The relationship
you build with your dog should be the main focus of any training
program.
When teaching something new, if your dog is failing repeatedly
here are 6 steps to remember.
1. Take a training step back to something a little easier where
he was successful.
2. Your dog should succeed at a specific behavior at least 80%
of the time before you ask for something additional. For example,
say your dog does a perfect stay for 30 seconds but then you
move the duration up to a minute and a half with poor results.
Go back to the 30 second stay, and when you have consistent
success, raise it to 45 seconds, and then 60, etc, with success
at each step before moving on.
3. Be sure to highly reward positive outcomes consistently and
ignore mistakes.
4. If your dog makes a few training mistakes in a row, ask for
something fun and easy to reward, such as a hand touch, and
then give a "screw up" cookie, or play a short game
of tug, to keep your dog motivated. Your dog will stay confident
and happy without you having to reward an incorrect performance.
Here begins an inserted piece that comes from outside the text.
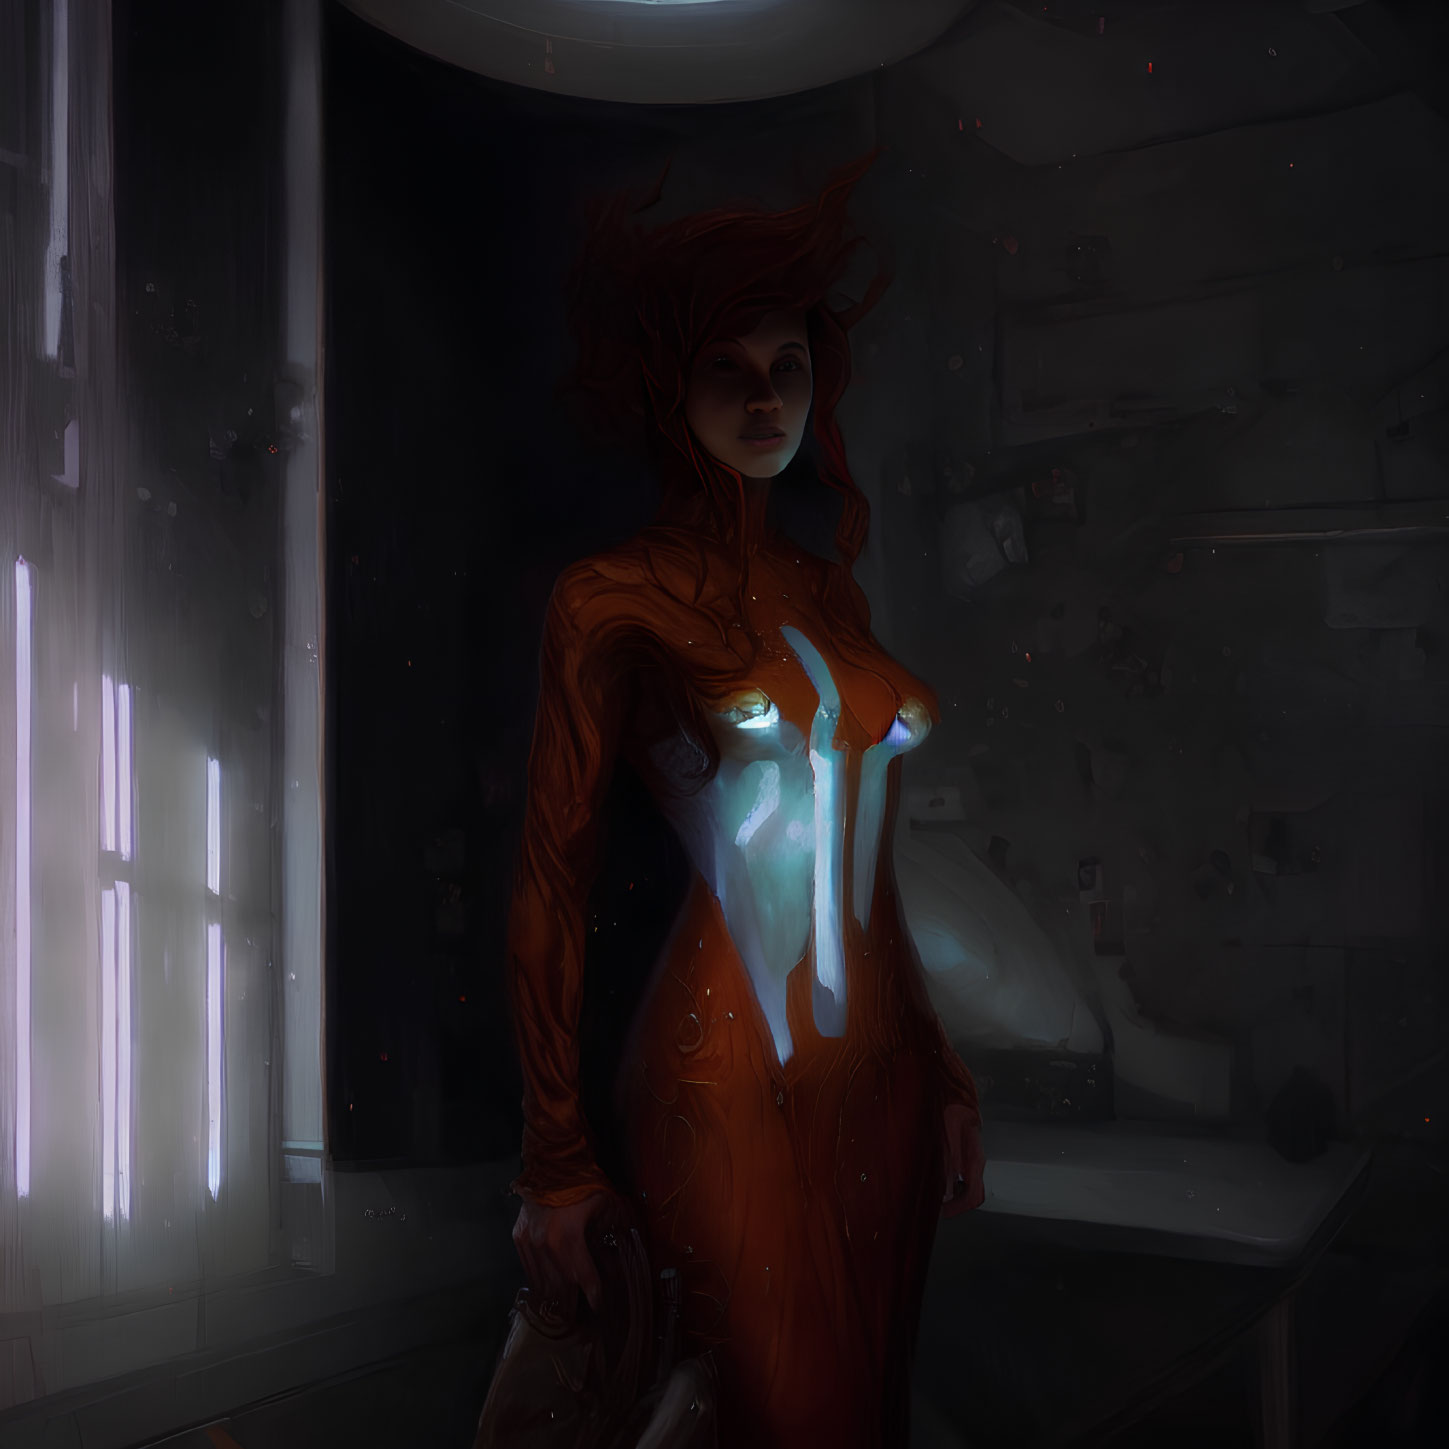 Red-haired character in futuristic orange suit in dark room with blue lights and floating debris

5. Don't increase the level of difficulty too quickly.
6. Don't increase the distraction level too quickly either.
Start training a new behavior in a quiet, distraction-free location
first. Increase distractions (such as sounds, activity in area-
other animals and people, and toys or treats strewn around training
location) slowly and with success.
Success will keep both of you happy and motivated.
Be a splitter, not a lumper.
• Don't lump many steps of a lesson together, be sure
to split them apart.
• For example, if you want to teach a heel with a sit
at the end, be sure your dog is succeeding at moving with you
at the heel first. Reward that.
• Only after you have that success consistently should
you add another part to the lesson; in this example, the sit
when you stop forward motion.
• Lumping too many things together will confuse your dog
and cause him to make mistakes, which will demotivate him (and
you!).
• Another example of splitting is training the contact
behavior at the bottom of the A-frame. Teach the target touch
first and away from the contact equipment, then add it to the
bottom of the A-frame to teach the two on/two off behavior.
No verbal or physical corrections should be used when mistakes
are made.
• Don't punish your dog for what you have trained or failed
to train.
• Add fun and play time into training and stop before
your dog wants to.
• Always end on a positive note.
• Fun, upbeat, and short periods of training are much
more effective than long, tiring training sessions.
• Don't forget to reward successes highly.
• If you are feeling tired or impatient, ask for something
easy to reward and then stop.
The relationship you are building is its own best reward.